First, a definition:
Quote
The wiki article from which this is taken is an excellent reference if you need to quickly know the Big O of common/popular algorithms. What it absolutely fails to do is explain how one determines the actual Big O [I will use this term interchangeably with upper bound or limit]. For those not mathematically inclined, their eyes probably glaze over when reading the symbol infested portions. At running the risk of repeating myself, this article is simply here to show another way, one I think is easier (i.e. you could have a solid grasp on the concept without ever taking Calculus).
Some Basic Rules:
1. Nested loops are multiplied together.
2. Sequential loops are added.
3. Only the largest term is kept, all others are dropped.
4. Constants are dropped.
5. Conditional checks are constant (i.e. 1).
That's it really. I used the word loop, but the concept applies to conditional checks, full algorithms, etc.. since a whole is the sum of its parts. I can see the worried look on your face, this would all be frivolous without some examples[see code comments]:
//linear for(int i = 0; i < n; i++) { cout << i << endl; }
Here we iterate 'n' times. Since nothing else is going on inside the loop (other then constant time printing), this algorithm is said to be O(n). The common bubble-sort:
//quadratic for(int i = 0; i < n; i++) { for(int j = 0; j < n; j++){ //do swap stuff, constant time } }
Each loop is 'n'. Since the inner loop is nested, it is n*n, thus it is O(n^2). Hardly efficient. We can make it a bit better by doing the following:
//quadratic for(int i = 0; i < n; i++) { for(int j = 0; j < i; j++){ //do swap stuff, constant time } }
Outer loop is still 'n'. The inner loop now executes 'i' times, the end being (n-1). We now have (n(n-1)). This is still in the bound of O(n^2), but only in the worst case.
An example of constant dropping:
//linear for(int i = 0; i < 2*n; i++) { cout << i << endl; }
At first you might say that the upper bound is O(2n); however, we drop constants so it becomes O(n). Mathematically, they are the same since (either way) it will require 'n' elements iterated (even though we'd iterate 2n times).

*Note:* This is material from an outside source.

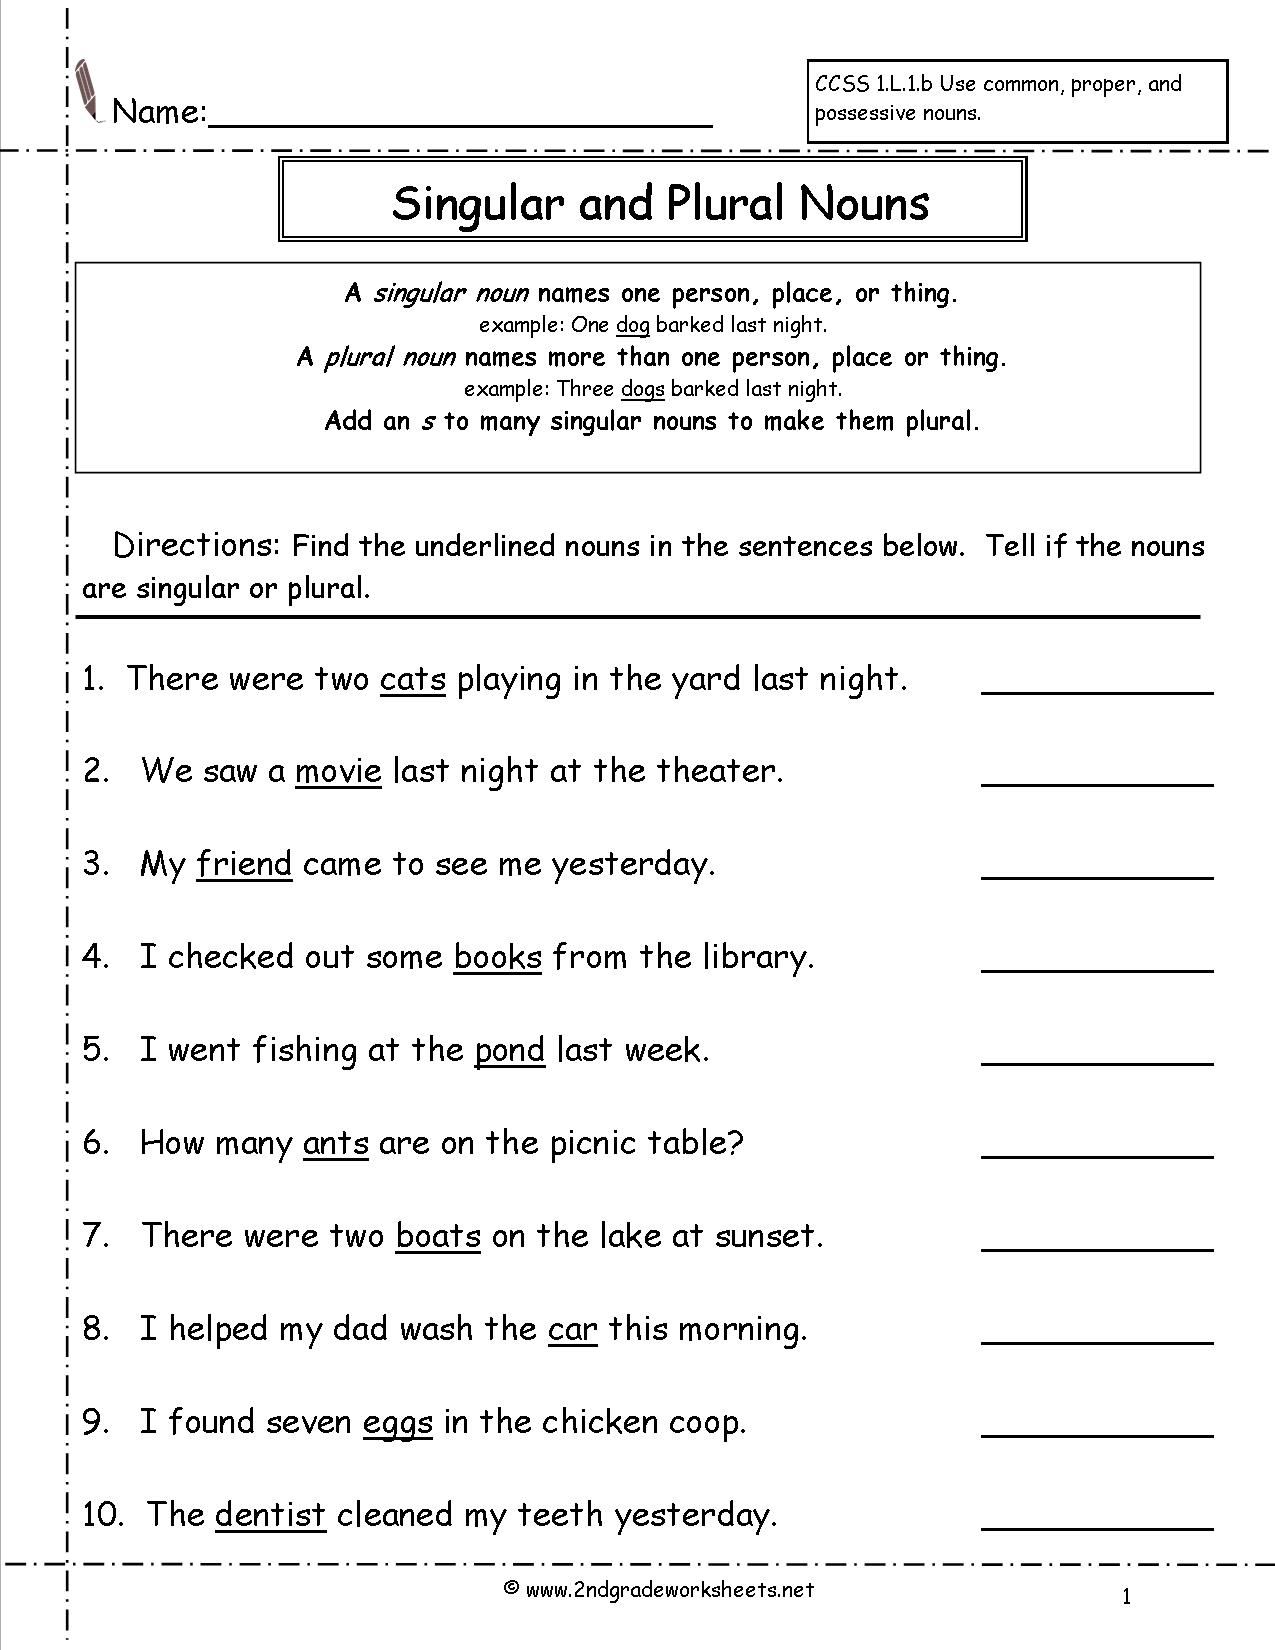 Singular Plural And Collective Nouns At The Zoo Worksheet Answers

An example of sequential loops:
//linear for(int i = 0; i < n; i++) { cout << i << endl; } //quadratic for(int i = 0; i < n; i++) { for(int j = 0; j < i; j++){ //do constant time stuff } }
You wouldn't do this exact example in implementation, but doing something similar certainly is in the realm of possibilities. In this case we add each loop's Big O, in this case n+n^2. O(n^2+n) is not an acceptable answer since we must drop the lowest term. The upper bound is O(n^2). Why? Because it has the largest growth rate (upper bound or limit for the Calculus inclined).
Finite loops are common as well, an example:
for(int i = 0; i < n; i++) { for(int j = 0; j < 2; j++){ //do stuff } }
Outer loop is 'n', inner loop is 2, this we have 2n, dropped constant gives up O(n).
In short Big O is simply a way to measure the efficiency of an algorithm. The goal is constant or linear time, thus the various data structures and their implementations. Keep in mind that a "faster" structure or algorithm is not necessary better. For example, see the classic hash table versus binary tree debate. While not 100% factual, it often said that a a hash-table is O(1) and is therefore better then a tree. From a discussion on the subject in a recent class I took:
Quote
That said, hash-tables aren't purely O(1). Poor choices in hash algorithm or table size, and issues like primary clustering, make operations on hash-tables in worse-than-constant time in reality.
The point is, saying "hash-tables are superior to trees" without some qualifications is ridiculous. But then, it doesn't take a genius to know that sweeping generalizations are often problematic.
The above is always something good to keep in mind when dealing with theoretical computer science concepts. Hopefully you found this both interesting and helpful. Happy coding!